Savage Claim (Lion Hearts #2) - Cecilia Lane

Chapter 1

Lindley Levine growled as soon as the cage doors of the fighting ring swung closed. The rattle of the chain wrapping around the handles and the click of the lock didn’t register. He was too keyed up. Too pissed off. He just wanted to wipe the cocky grin off his opponent’s face.

It wasn’t his father’s smirk, but it’d do in a pinch.

The fucker was just one of a thousand problems lurking around the corner. War was brewing with the bullshit lion consortium trying to pit shifters and humans against one another—his alpha had nearly lost his mate in the first skirmish—but Roland Levine was the extra weight that snapped Lindley’s carefully crafted mask of control.

He launched himself across the cage, fists swinging. The asshole—bear, maybe, he didn’t give a fuck—barely had time to register the attack before Lindley landed a hard hit on his chin, snapping his head to the side.

The crowd roared, bloodlust hot on their lips. He could taste their excitement in the air, smell it with every breath he dragged into his lungs. They wanted to see red spilled on the floor.

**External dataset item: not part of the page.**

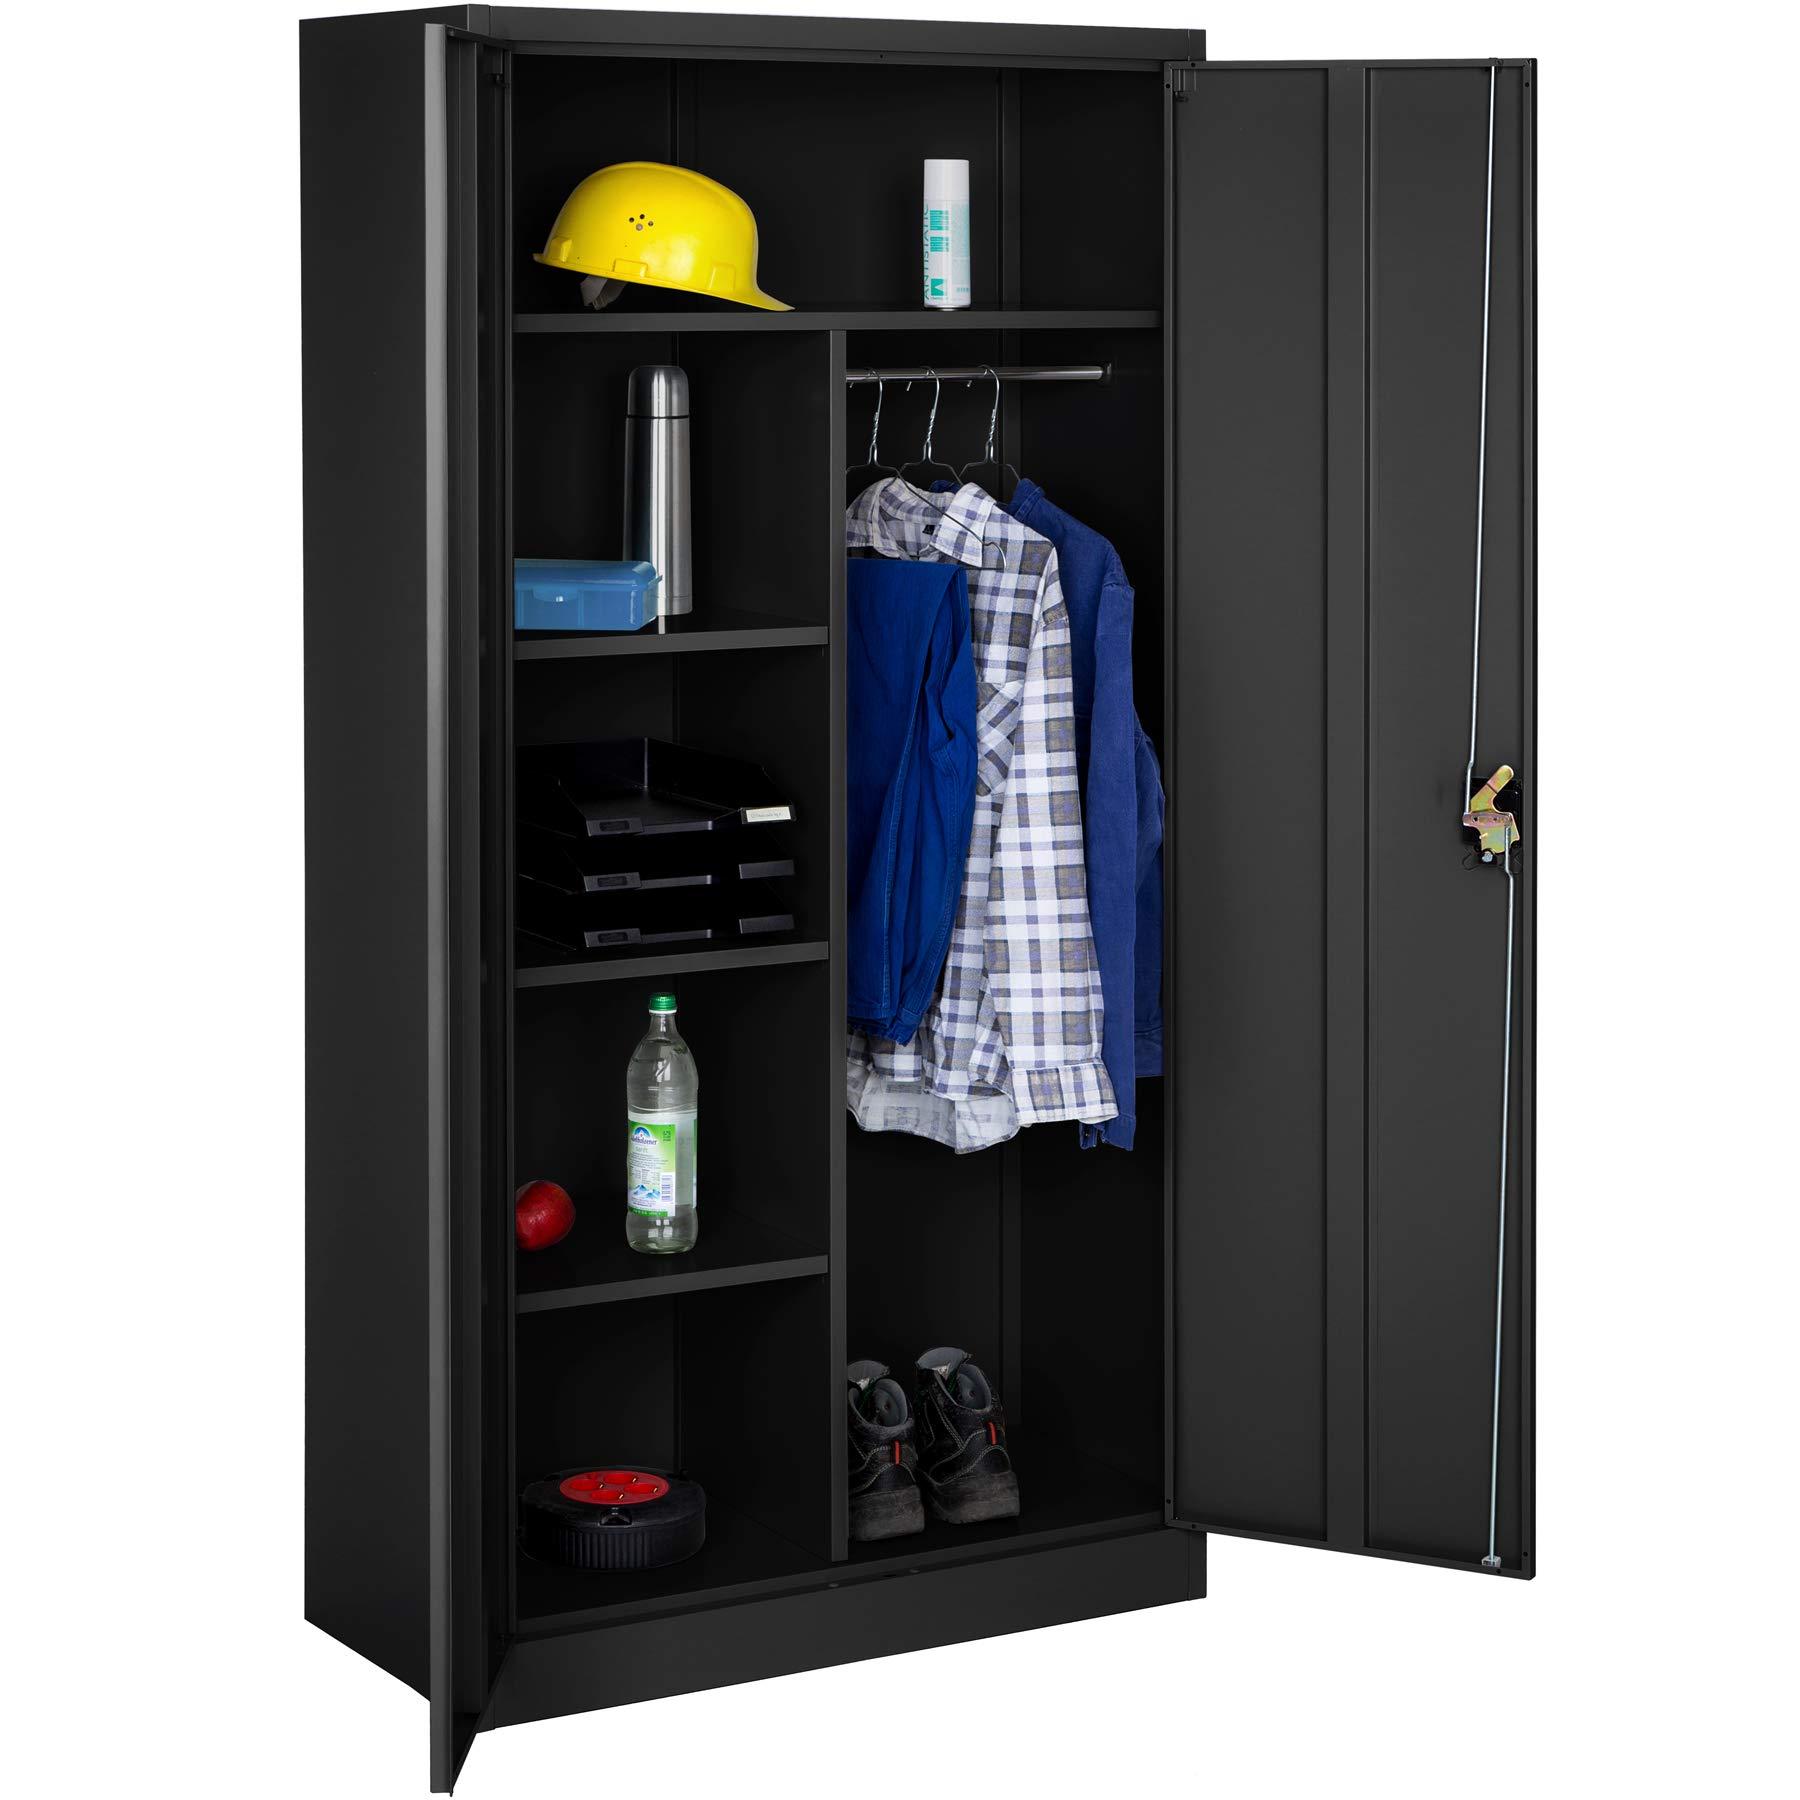 tectake 402940 armoire de bureau metallique noir 2 porte verrouillable 180x90x40cm style. Black Bedroom Furniture Sets. Home Design Ideas
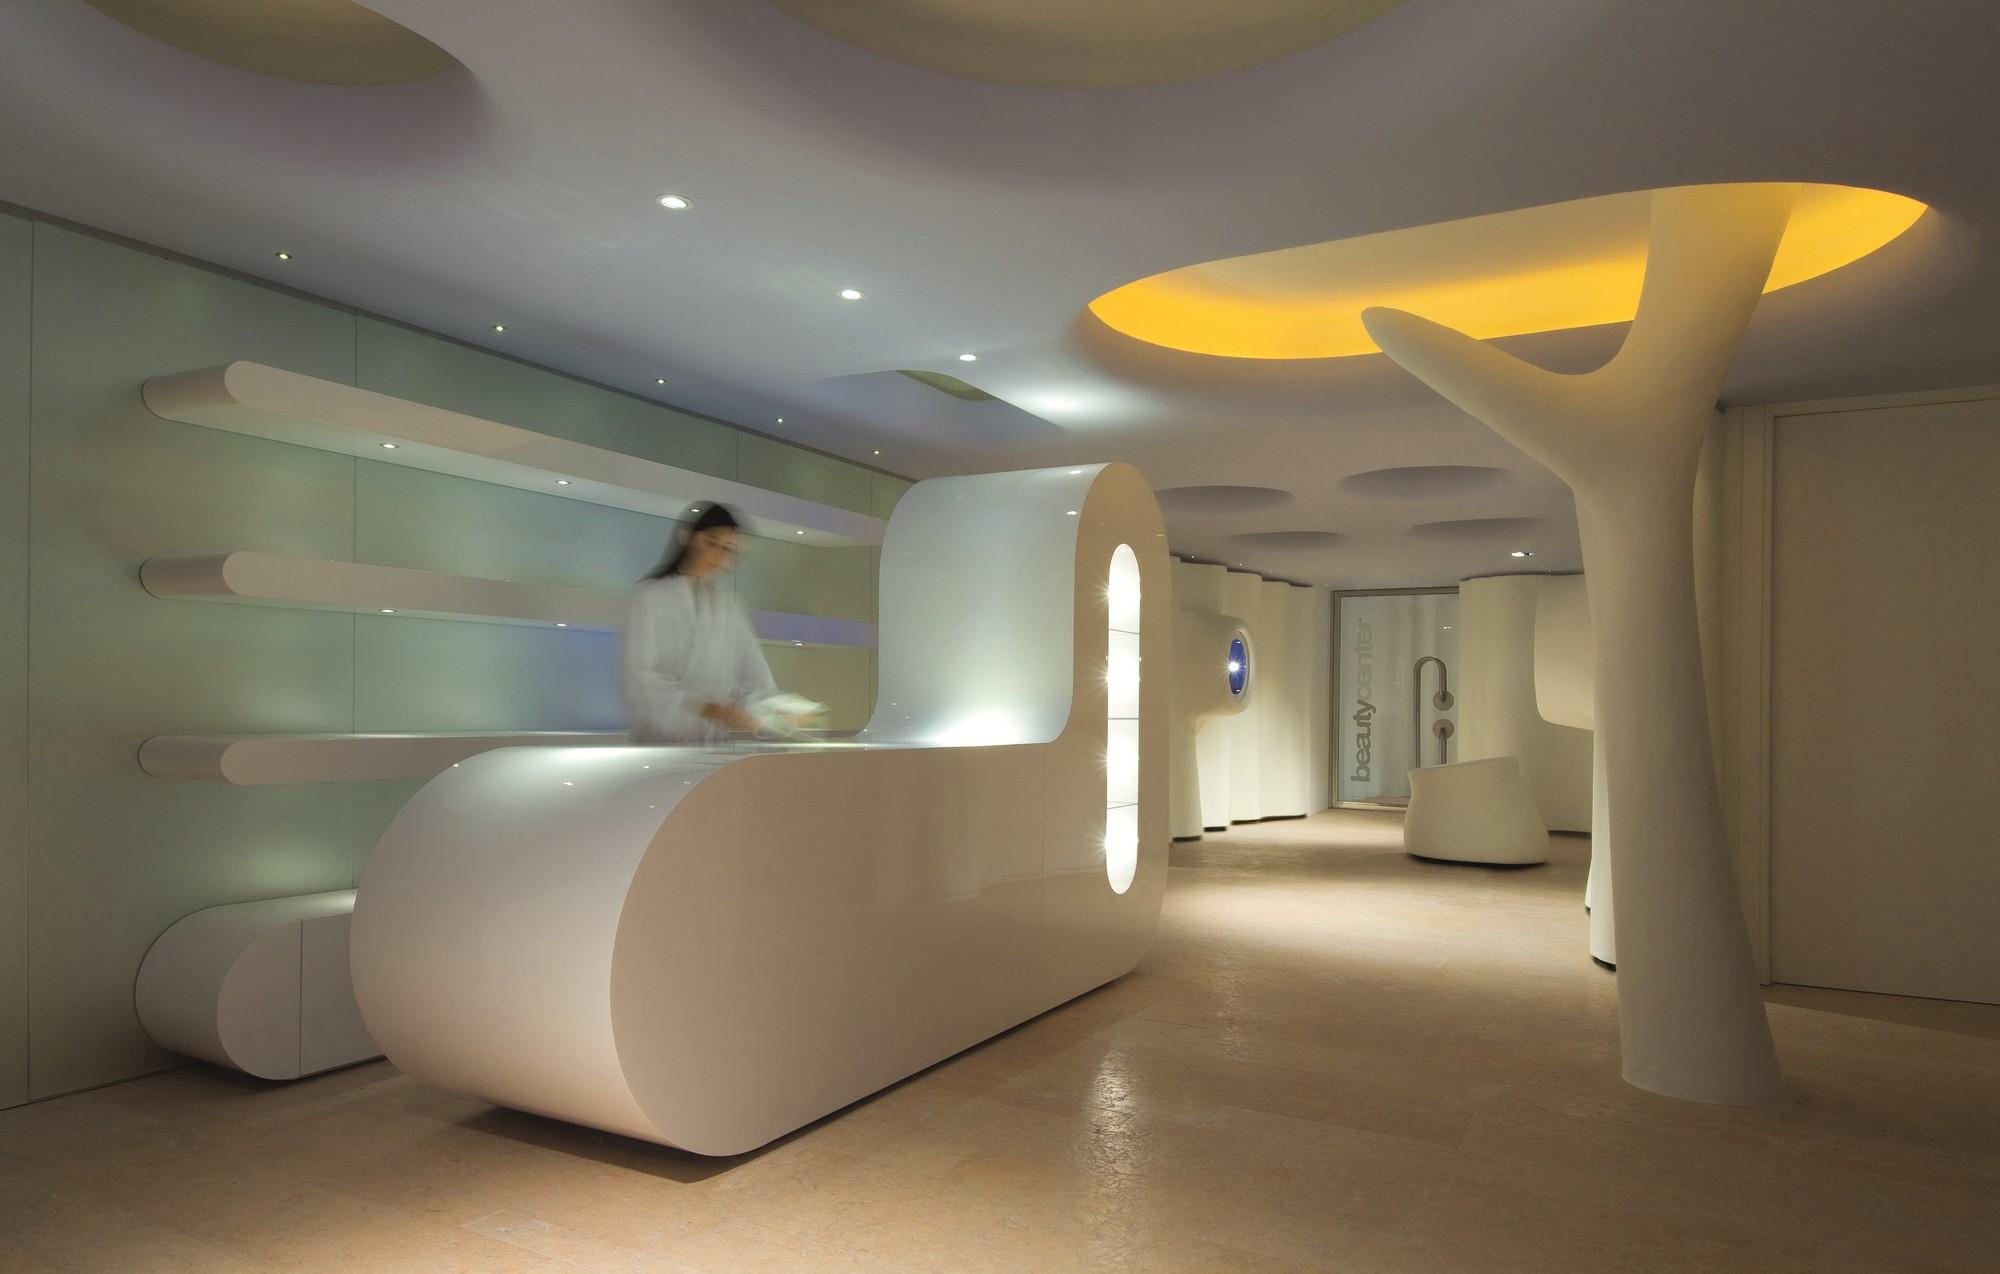 Exedra Nice Hotel Spa / Simone Micheli, © Jürgen Eheim

He jumped back before the man he fought recovered. He watched and waited, shifting from foot to foot. The blow was a knock-out punch to any human, but the bear just shook it off like a mosquito bite. Lindley had fought enough times in the ring or out in the wilds to know the next move to their chaotic dance.

Like clockwork, his opponent surged into action. A shout on his lips, he punched out with sharp jabs, trying to catch Lindley in the gut or head. He blocked the first, grunted as the second connected with his shoulder, and met the third with a solid blow of his own.

His lion roared through him, aching for blood just as loudly as the crowd cheering on the match. The fight was a necessity he couldn’t ignore, just as much as breathing and eating and drinking. Nothing quenched the fire boiling in his center like a hard-fought win. Nothing else kept him steady.

That was the Levine in him. Lindley loved it. Hated it. Two sides of the same damn coin, with his father’s face stamped on both.

A sudden crack to the head staggered him back against the chain-link of the cage wall.

He didn’t see stars; he saw faces. His father, a malicious smirk twitching the corners of his mouth. His mother, worry and regret in her eyes. His sister, laughing, always laughing because she was so fucking happy even while the rest of the world burned around them. And… Kyla.

Blonde hair, apple cheeks, lips that were made for kissing. He’d tasted them only once, but that kiss stuck with him where all the faceless encounters since faded from his memory. The one woman to hold his entire attention was the one he couldn’t touch.

Another blow to his ribs pulled Lindley out of his trip down insanity lane. With a snarl, he lunged for the other man and grabbed him around the waist. Locked together, they slammed fists and elbows wherever they could reach. Seconds slid by, then the whole cage shook with the slaps of the referee's hand against the fencing.

“Break it up!” he shouted.

Throwing a final punch, Lindley shoved away from the bear.

The howling of the crowd didn’t drown out the words that played over and over through his head. His father’s dark promises fueled his need to fight and make someone bleed.

The Levine legacy in action. Blood and darkness.

Lindley had been on a tear for days, jumping from one fight to another. It'd started when his sister's number lit up his phone. He'd answered the call, thinking it was Sage on the other line. Instead of one of their infrequent, secret conversations, his father spewed the snide hate he'd force-fed Lindley throughout his childhood.

He hadn’t been home for ten long years, but he was as mired in place as ever.

Lion slashing his insides, Lindley roared. His fists blurred with the inhumanly fast punches he threw into the bear’s sides, but the asshole still didn’t back down.

The faces haunting him didn’t fade, either. Weeks had passed since he’d heard from Sage. Kyla was a distant blip on the horizon. And his mother? Dead and gone. Killed by her own mate, yet the blood stained his hands.

He’d failed them all, and that fucking phone call proved it all over again.

Your ruin is coming, son of mine.

No threat, there. He already lived in the ruins of his life.